Doctor: Do you even want to get better?#AbledsAreWeird
— Kayla A. K. Jean (@KaylaAKJean) March 17, 2019
Suffice to say, the stories succeeded in making an impact. As #AbledsAreWeird started trending, several non-disabled people began spreading the word about it as a reference for others to learn how to treat (or, perhaps, not treat) people with disabilities. “We can learn to do better by listening, and this hashtag can help you start,” wrote Twitter user @surliestgirl.
Hey, friends, take a stroll through the #AbledsAreWeird posts for a serious education and eye-opener. I'm sure I have done some stupid-ass things when interacting with people with disabilities. We can learn to do better by listening, and this hashtag can help you start.
— Holly Frey (@surliestgirl) March 16, 2019
If you need a reality check as able-bodied person, educate yourself with #AbledsAreWeird.
This hashtag isn’t a joke, it’s about harassment and bullying. World, do better.

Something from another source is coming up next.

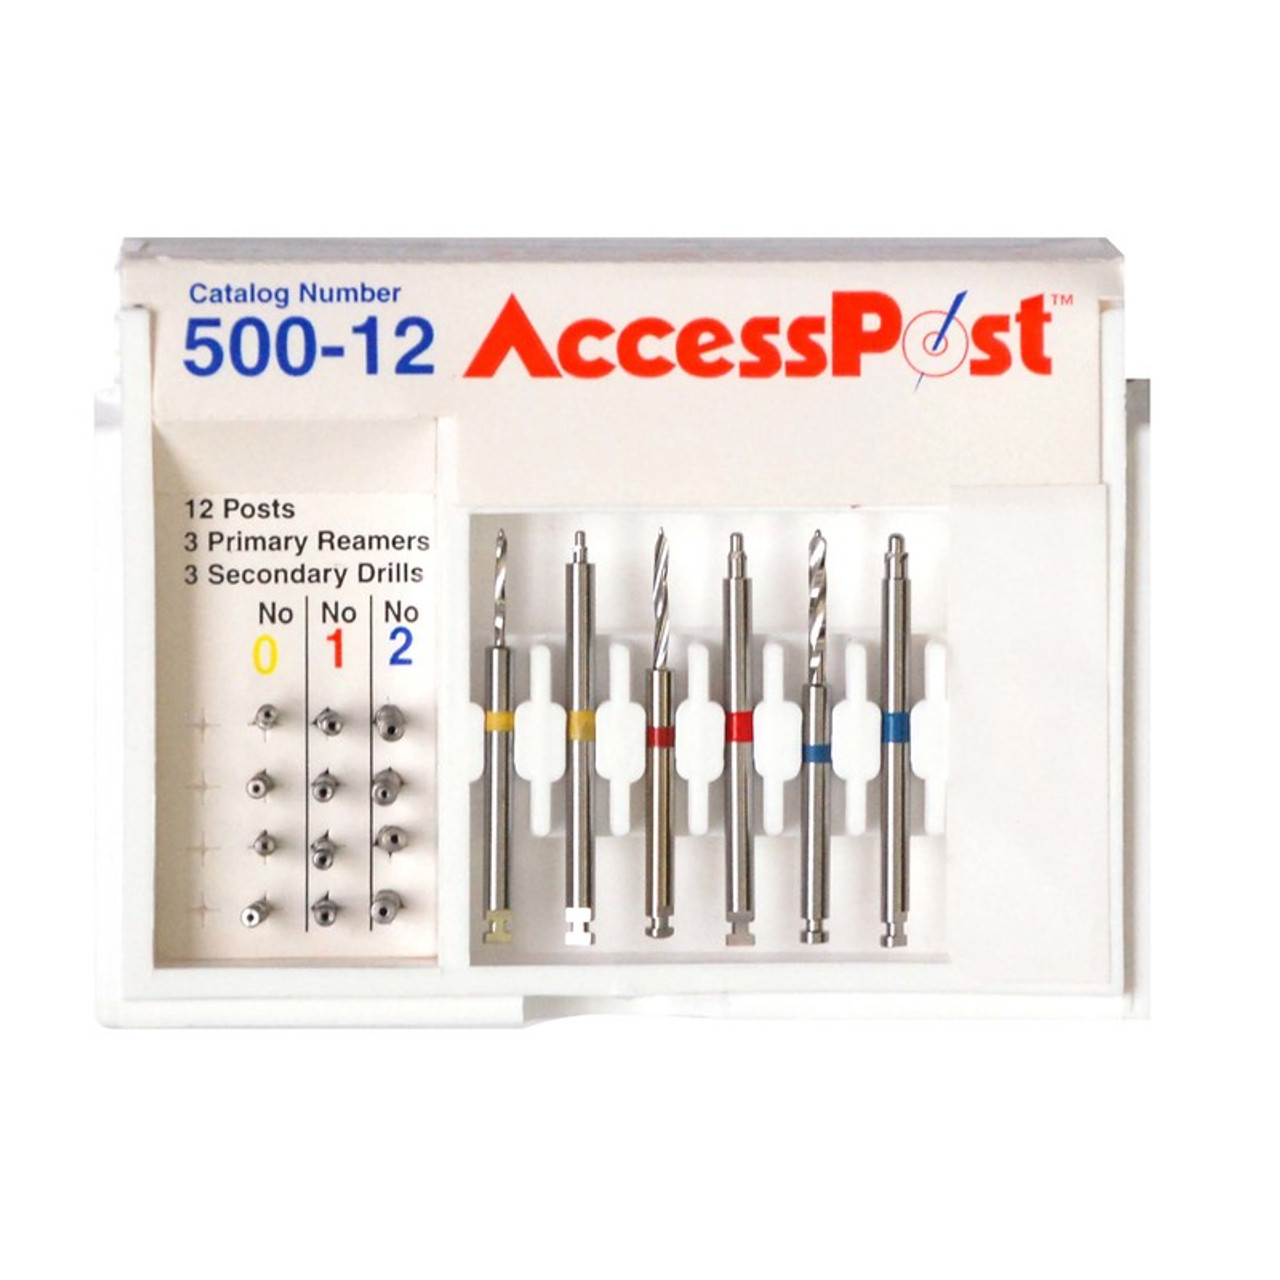 Accesspost Introductory Kit 12 Ea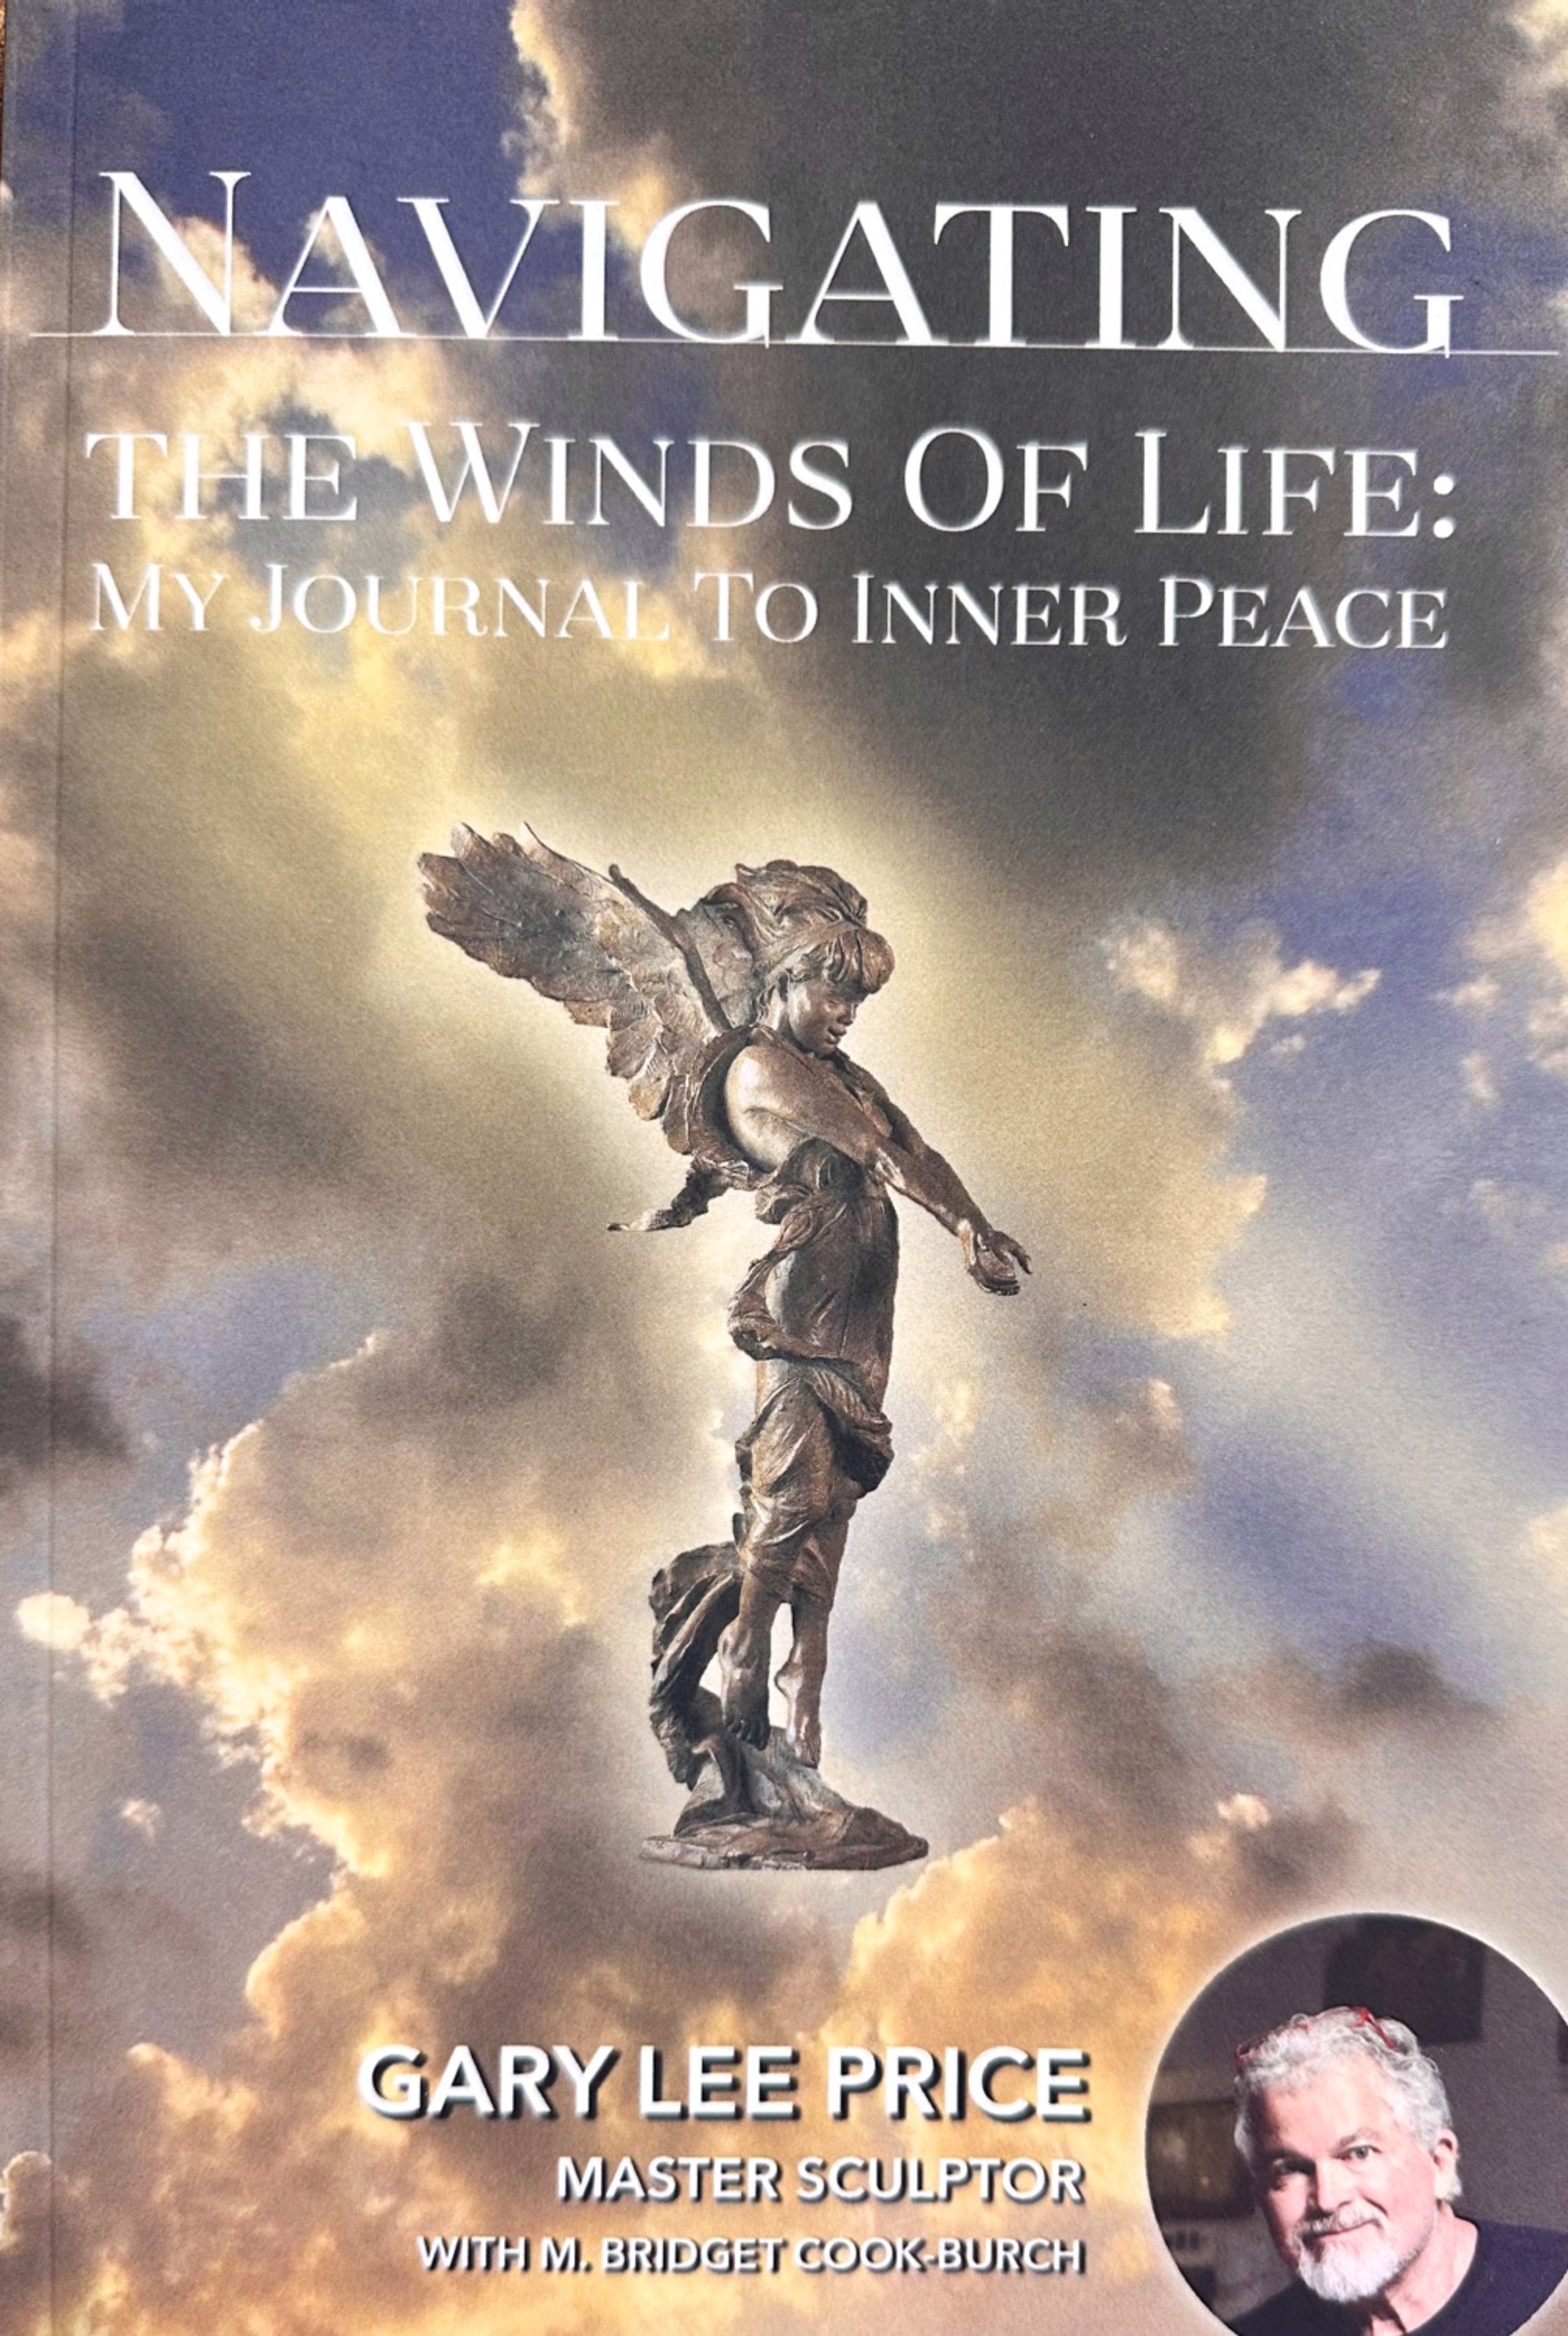 "Navigating the Winds of Life: My Journal to Inner Peace" Soft Cover Book by Gary Lee Price

— Laila Alawa (@lulainlife) March 16, 2019
Update 5:01pm CT, March 19: The creator of #AbledsAreWeird, writer and advocate Imani Barbarin, told the Daily Dot she was ecstatic her efforts could help people with disabilities feel heard. “I always say that the content I make isn’t for abled people to be comforted in their fear of disability,” Barbarin said, “but for disabled people to feel like they’re less alone.” That was the very reason she created the hashtag in the first place: to build a conversation around their shared experiences. She knew the hashtag’s wording would be particularly important in facilitating that intent. “[I]t flips societal expectations on its head,” she said, “and posits that it is not disabled people that are weird or ‘other’ but a society that constantly treats us as such and doesn’t listen to us.”